日本で唯一会えるジュゴンがいる「人魚の海」と、大人気のラッコがいる「極地の海」を通り過ぎ、ペンギンやセイウチがいる「水の回廊」の出入口付近に、まるで秘密基地の入口のように「へんな生きもの研究所」はひっそりと佇んでいます。
人気の生きものたちに夢中になっていると、うっかり通り過ぎてしまうことも。
この「あやしい雰囲気の入口」を、ぜひ見つけてみてください!
ここでしか手に入らない! 「へんな生きもの」グッズ
一世を風靡したダイオウグソクムシをはじめ、鳥羽水族館のオリジナルグッズは、館内のショップで購入することができます。

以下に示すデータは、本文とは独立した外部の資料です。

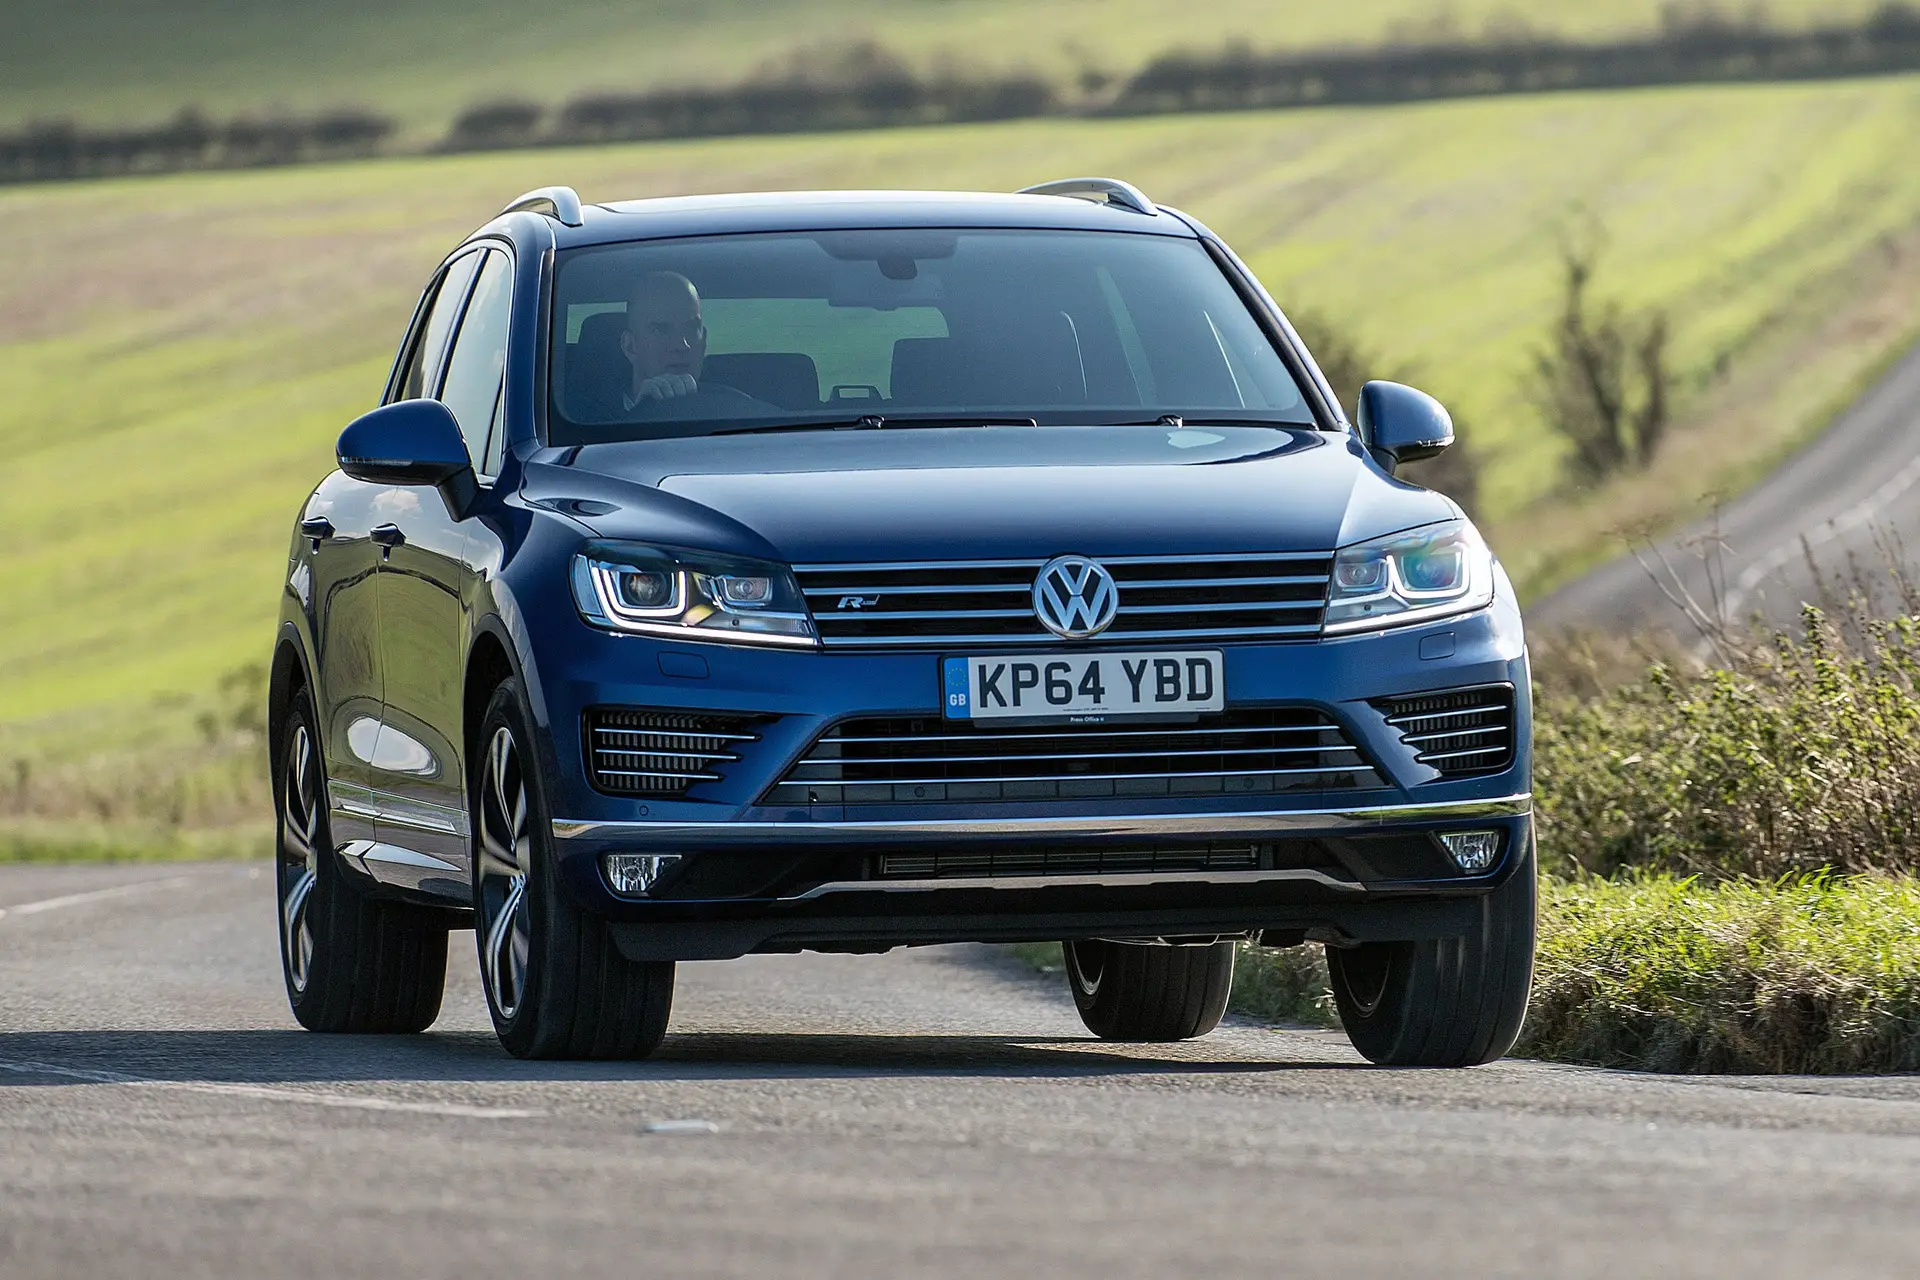 Used Volkswagen Touareg Estate (2010 - 2018) Review

取材時点(2025年7月)での、ラインナップは、ダイオウグソクムシのぬいぐるみ特大(7,150円)、Lサイズ(5,280円)、白Ver.(6,600円)など。
通信販売はしていないため、皆さんぜひとも現地を訪れてゲットしてください!
※価格は取材時点のものであり、変更になる場合があります。
70周年の企画展「大発見!ワクドキ深海アドベンチャー ~熊野灘から見る深世界~」
鳥羽水族館では、70周年に合わせて、2025年7月19日(土)から11月3日(月・祝)まで、深海探査の映像資料・採集された動物などを展示する、熊野灘の深海帯域にクローズアップするイベントが開催されています。
普段は「へんな生きもの研究所」に籠っている深海生物たちが、今回は主役として大々的にフィーチャーされていますので、こちらも必見です!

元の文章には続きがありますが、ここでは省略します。